そばにいたのはキミだった

今回のことは、ほとんど賭けだった。

「私が名前貸すのはいいけど、本当にその作戦で大丈夫…?こっちに接触してバレたりしないかな?」
「そこは大丈夫。女子に慣れてないみたいだし、話しかけたりしないと思うから。俺も気にかけるよ」
「ならいいけど…。私も彼女に勘違いされたくないからさ」

香夜くんに近付くため。男の俺が恋愛対象になれるか分からなかったけど、少しでも意識してもらうため。普通に話しかけてただの友達になったら、それこそ対象外になってしまうから。

だからといって、いきなり好意を伝えても恋愛経験のない香夜くんを困惑させてしまうし、一気に引かれて気持ち悪がられるかもしれない。そうしたら二度と関われない。

考えに考えて、バレンタインデーというイベントに乗っかって立てた作戦だったんだ。

「ありがとう園原、少しの間頼む」

高1の時、付き合ってた同い年の彼氏に浮気された。しかも浮気相手は女の子で、俺に対しての言葉は全部嘘だったらしい。俺がイケメンだったからイけそうだったし男と女どっちも経験してみたかっただけと言われて、膝から崩れ落ちそうだったのを覚えている。

ついには、体育館裏で逆ギレした彼氏に殴られて関係は終わった。笑えるくらい呆気なく散々な終わり方。自暴自棄になりそうで、授業が始まってもしばらくその場に座り込んでいた。

体育で来て通りがかった生徒達数人にじろじろと物珍しそうに見られていたが別にどうでもよかったし、先生も早く教室戻れよと言うだけでそれ以上は面倒事に関わらない。

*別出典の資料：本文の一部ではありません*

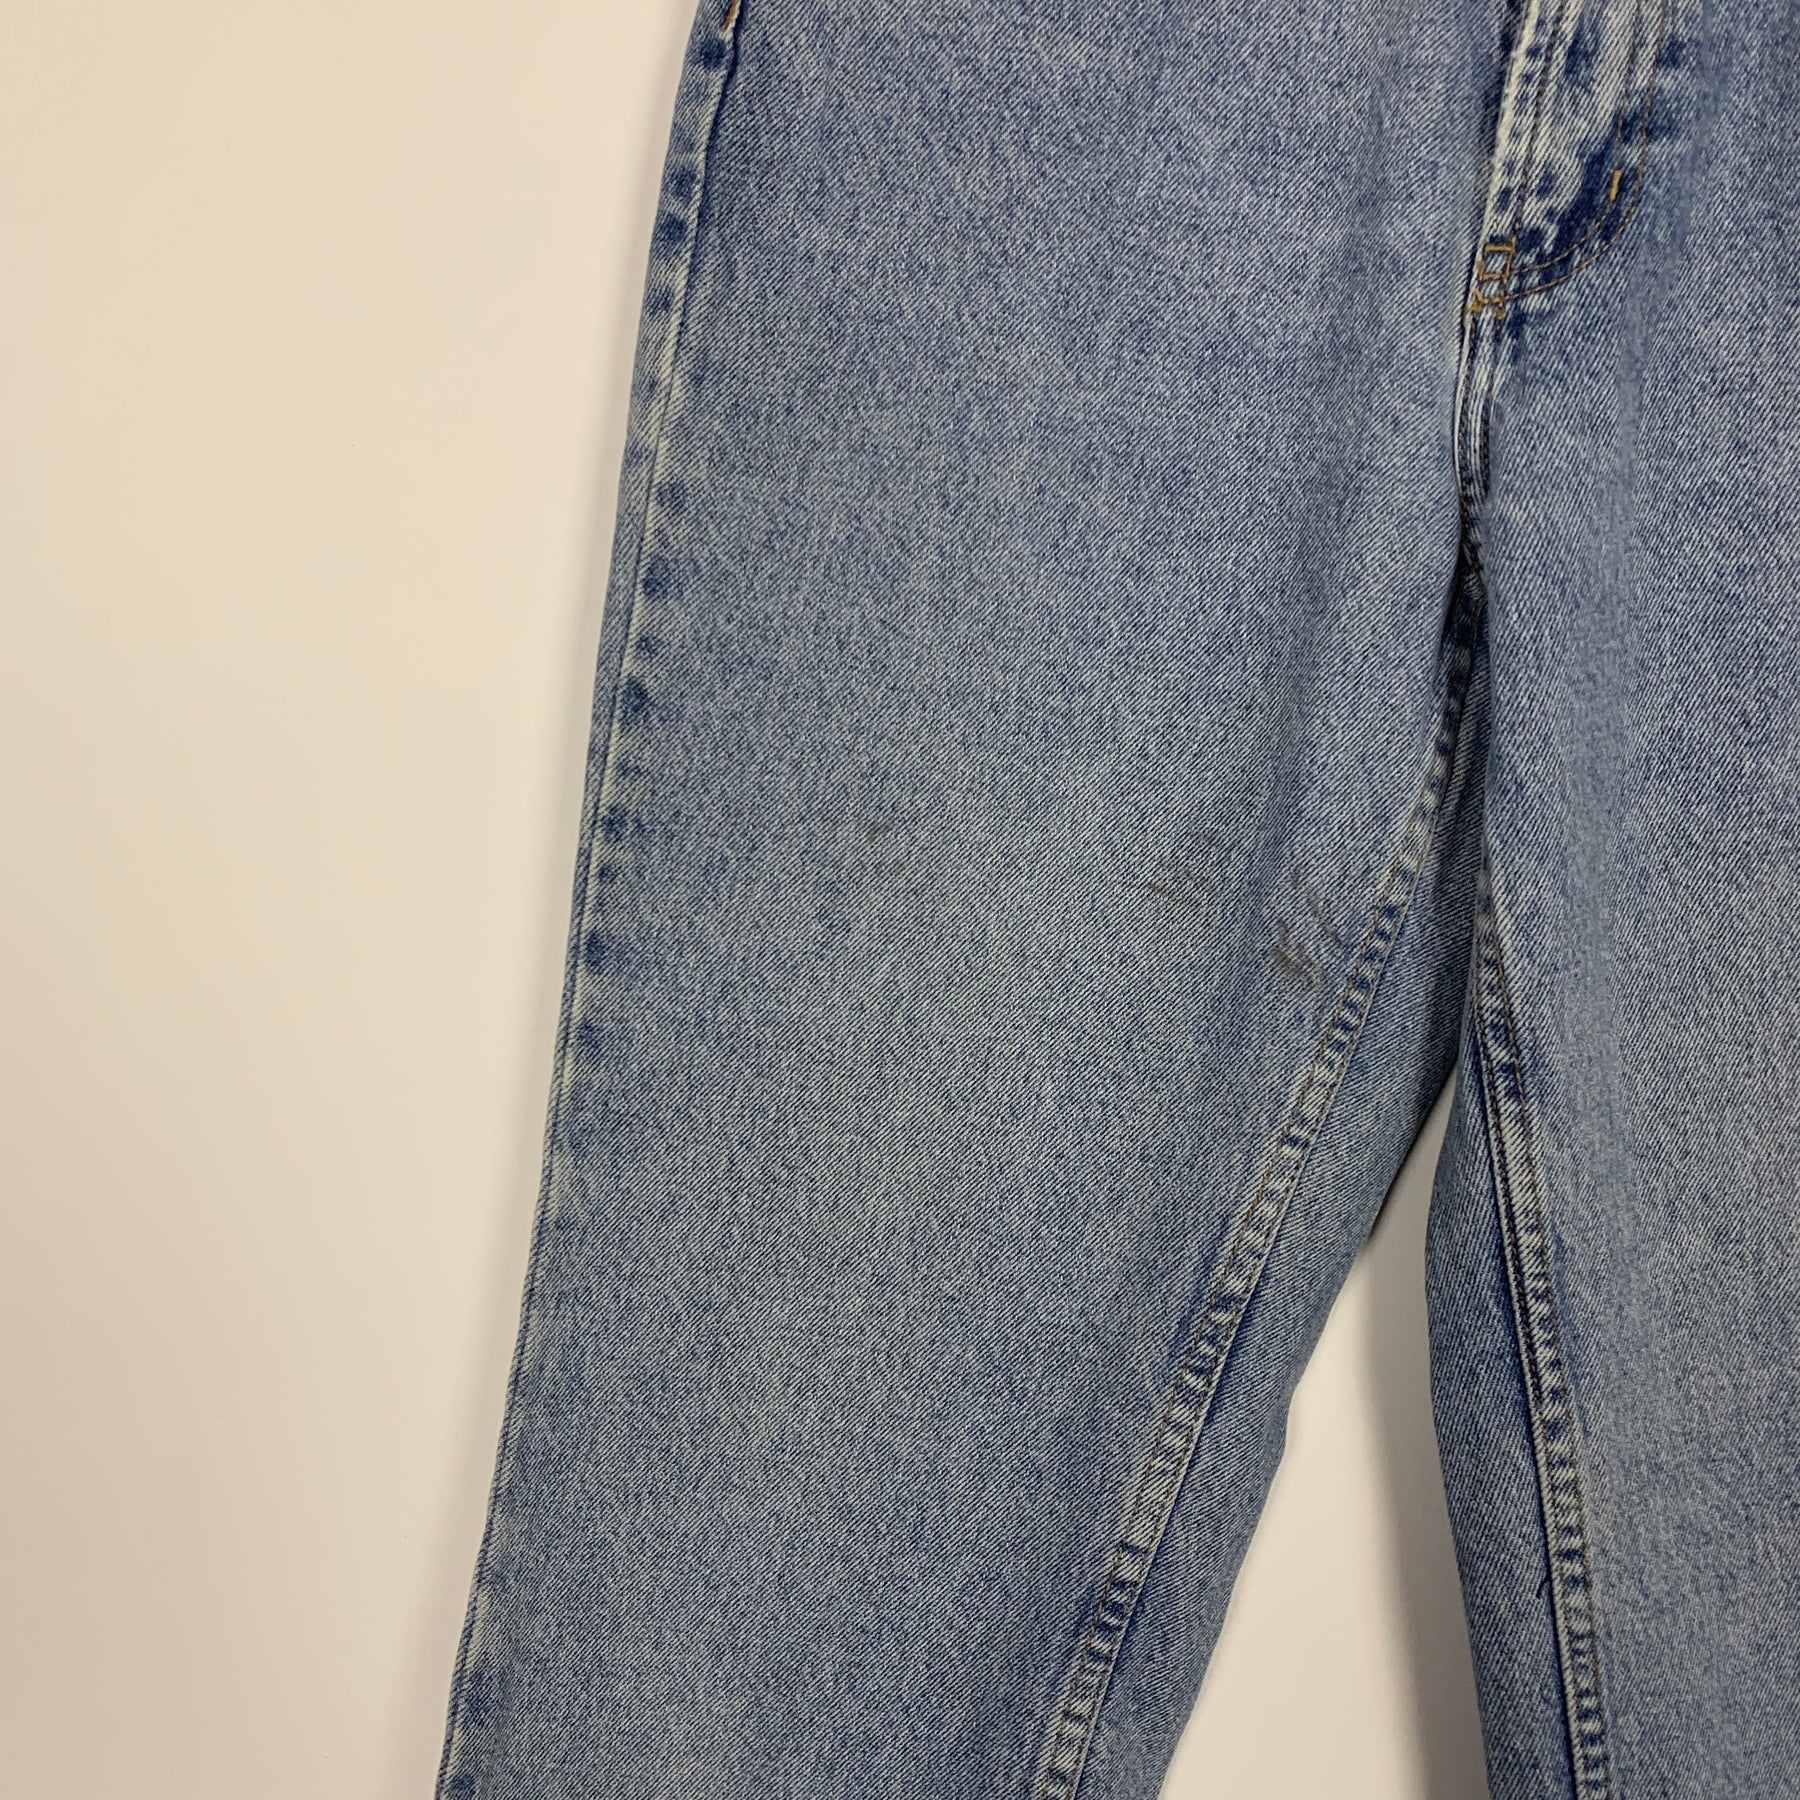 Vintage Tommy Hilfiger Jeans - Women's 26/32

『めんどくさ、重。お前なんかと関わるんじゃなかったわ』

さっき元彼にそう言われた。そうだよ、あいつの言う通り関わらない方がいいんだよ。俺なんか…。

「どうした香夜、早く行くぞ」
「あ、う、うん…」

サボってる生徒なんか珍しくないだろ。さっさと行けよ…。

そうして時間だけが過ぎて、数回目のチャイムに気付いたらいつの間にか昼休みになっていた。こんな時でも腹は減るのか…と自分が嫌になりながらも、そろそろ教室に戻ろうかと顔を上げた。その時だった。

どんどんこちらに足音が近付いてくる。たぶん人数は1人。そしてその足音が止まり、壁から誰かがこちらを覗き込んだ。

「…!あ、まだいた」

1人の男子生徒が驚きながら、恐る恐るこちらに忍び寄ってくる。なんだこいつ、と警戒しながらも小動物のようで危害は無さそうだったからとりあえずそのまま様子を見た。

「…なに?」
「あ!ここ座ってるのさっき見かけて…よ、よかったらこれ!」
「え、」

俺のすぐ隣に置かれたのは、キャンディのように包まれた甘そうな香りのするチョコレートが数個。突然チョコを渡されて意味が分からず固まっていると、その男子生徒はヘラっと微笑んで早口で喋り出した。

「あ、なんか落ち込んでそうに見えたから…嫌いじゃなかったら食べてください。俺が疲れた時によく食べるやつですけど…甘いから癒されるかなって」

なんで見ず知らずのヤツが俺に…?

「香夜〜?どこ行ったー?」
「あっやば、友達置いてきたんでもう行きますね!では…」

立ち上がって歩き出したその生徒に、思わず聞いてしまった。

「あのさ、なんで話したこともない奴にこんなことするの?俺に関わるの怖くなかったの?」

すると、彼はくるっと振り返って目尻を垂らしながら微笑んだ。

「怖い…?よりも、さっき体育で見かけた時無性に気になっちゃって…。なんか放っておけなかったんです。元気無さそうだなって…あっ、ただのお節介ですけどね。あはは」
「…っ」
「あ!じゃあ、俺はこれで…!」

気まずそうだけど、嘘がないような…その時の彼の笑顔が頭から離れなかった。上辺だけを繕う都合のいい言葉じゃなくて、不器用だけど本心が伝わる言葉。

そんな言葉と笑顔を向けられたのは初めてだったかもしれない。

「…あま」

彼が去って行った後、口に放り込んだチョコレートは鼻がツンとしそうなほど甘く感じた。